The visible universe is finite. Though the visible universe may be part of an infinitistic cosmology (or even an infinitistic multiverse), the expansion of the universe has created a cosmological horizon beyond which we cannot see. I have previously quoted a passage from Leonard Susskind to this effect:

“In every direction that we look, galaxies are passing the point at which they are moving away from us faster than light can travel. Each of us is surrounded by a cosmic horizon — a sphere where things are receding with the speed of light — and no signal can reach us from beyond that horizon. When a star passes the point of no return, it is gone forever. Far out, at about fifteen billion light years, our cosmic horizon is swallowing galaxies, stars, and probably even life. It is as if we all live in our own private inside-out black hole.”

Leonard Susskind, The Black Hole War: My Battle with Stephen Hawking to make the World Safe for Quantum Mechanics, New York, Boston, and London: Little, Brown and Company, 2008, pp. 437-438

We know, then, scientifically, that the universe is effectively finite as our homeworld is finite, but the universe is so large in comparison to the scale of human activity, indeed, so large even in comparison to the aspirational scale of human activity, that the universe is endless for all practical purposes. Though we are already learning how to live on a planet, in relation to the universe at large we are like our hunter-gather ancestors dwarfed by a world that was, for them, effectively endless.

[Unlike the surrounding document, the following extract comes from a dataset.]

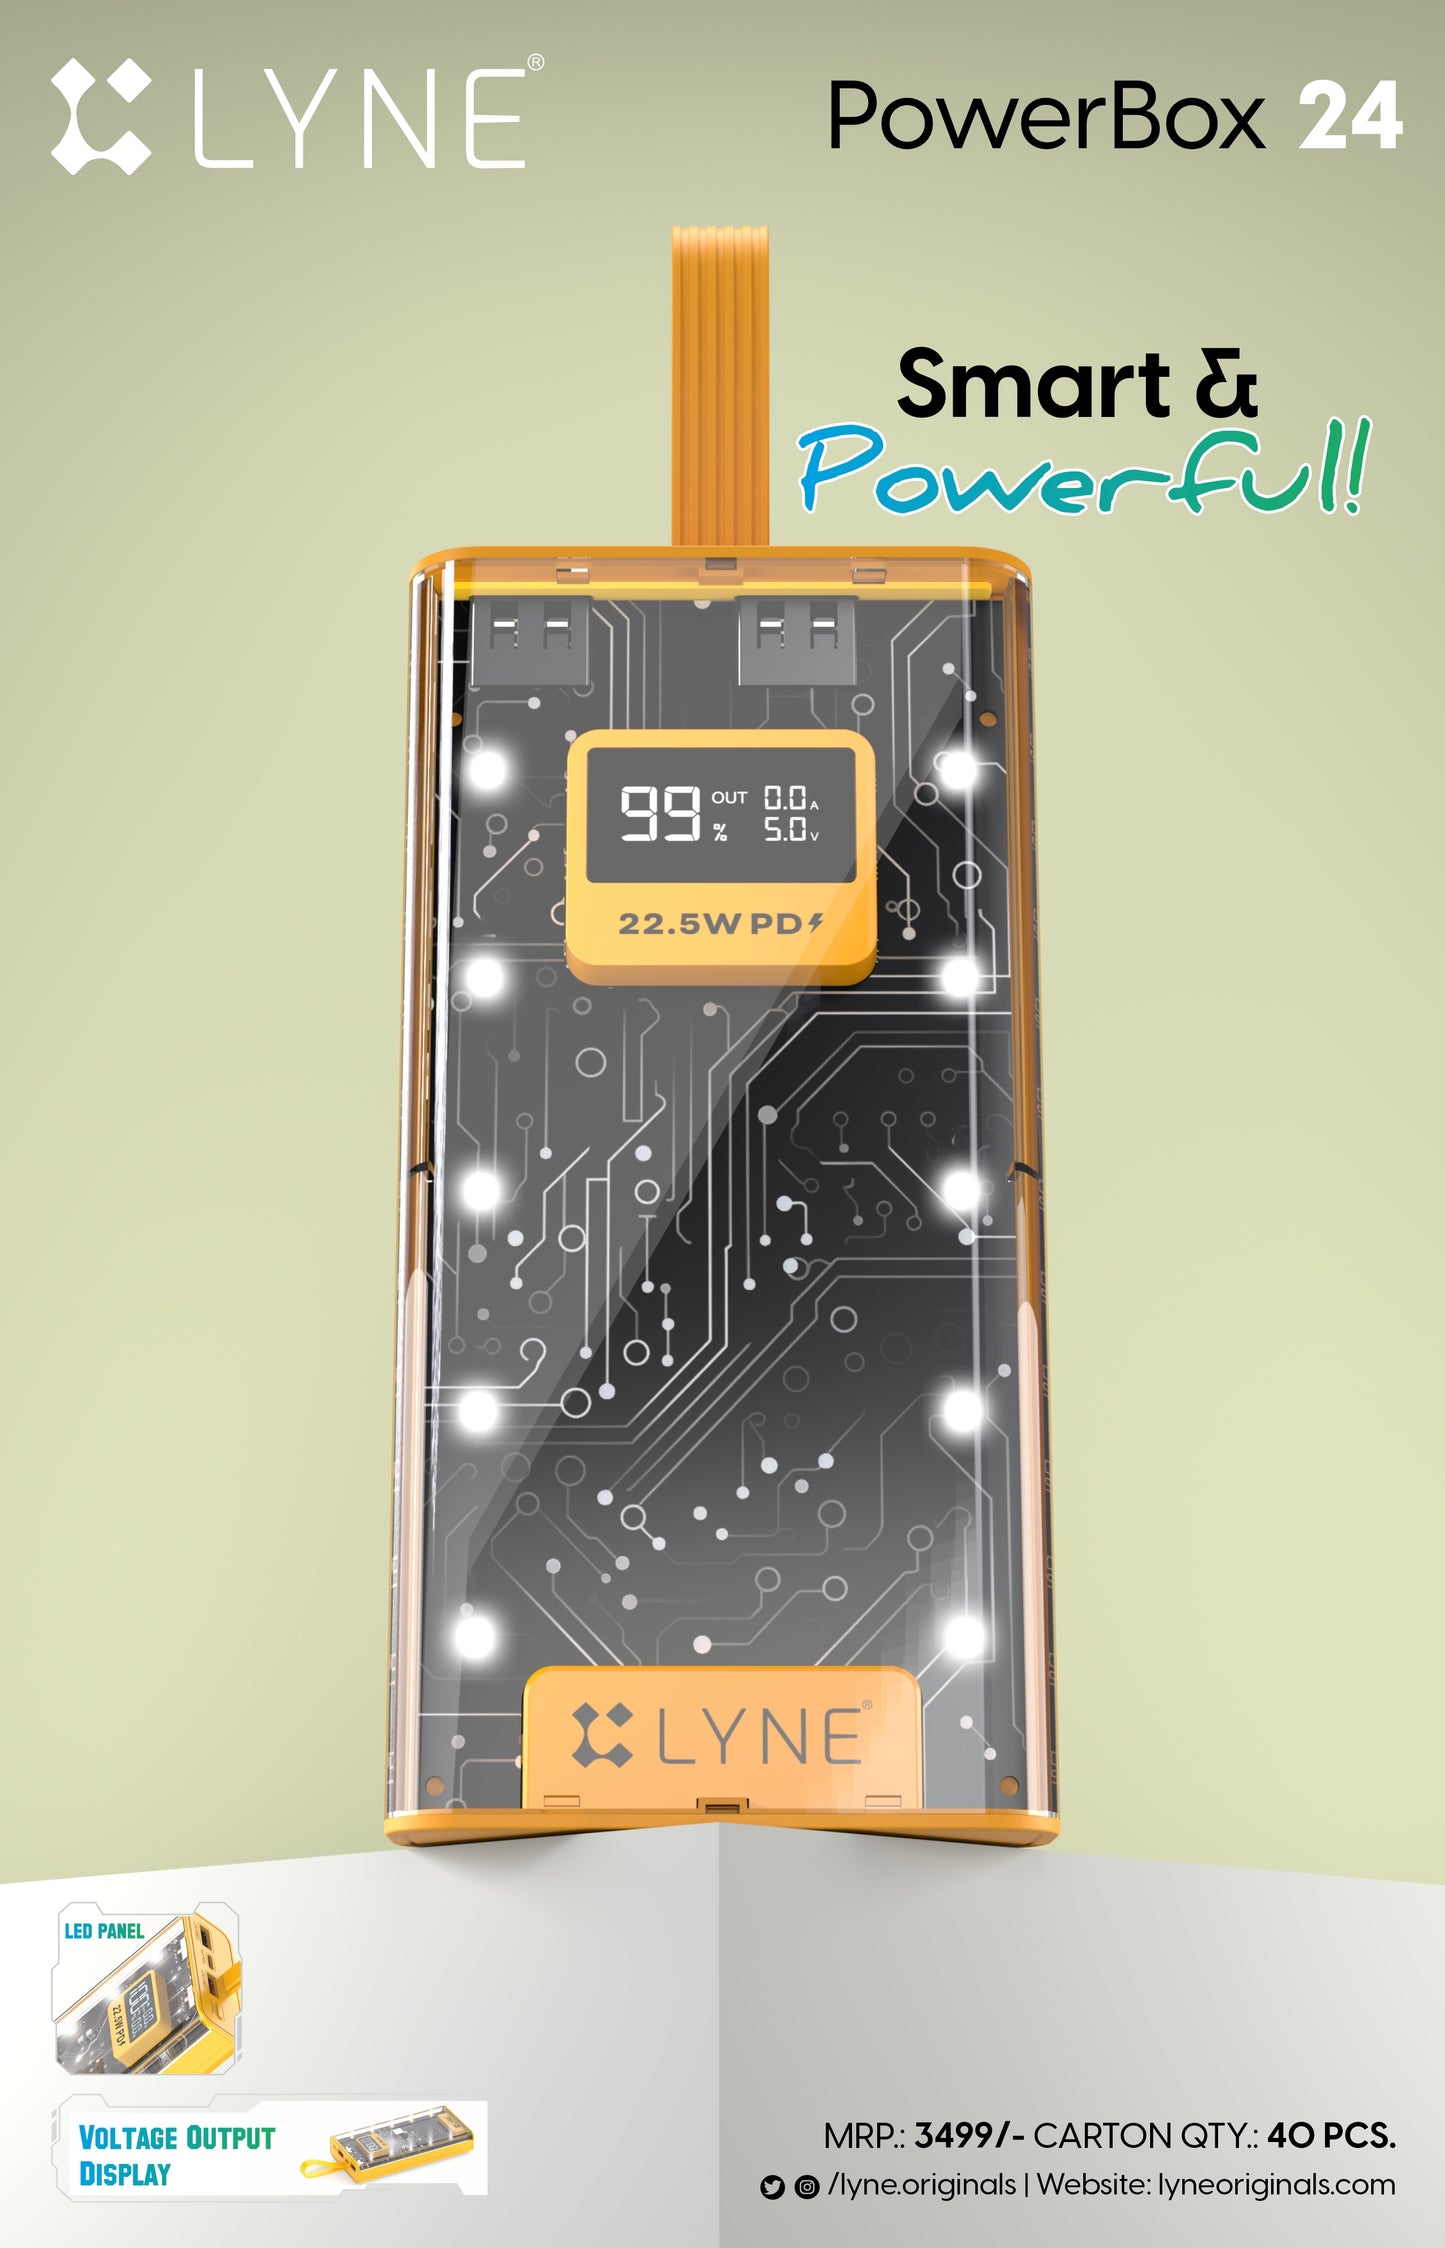 LYNE Powerbox 24 10000 mAh Battery Capacity, 22.5W PD Output with LED Panel

Only at the greatest reach of the scale of supercivilizations will we — if we last that long and achieve that scale of development — run into the limits of our home galaxy, and then into the limits of the universe, at which time we will have to learn how to live in a universe. I implied as much in an illustration that I created for my Centauri Dreams post, Stagnant Supercivilizations and Interstellar Travel (reproduced below), in which I showed a schematic representation of the carrying capacity of the universe. At this scale of activity we would be engaging in cosmological niche construction in order to make a home for ourselves in the universe, as we are now engaging in planetary-scale niche construction as we learn how to live on a planet.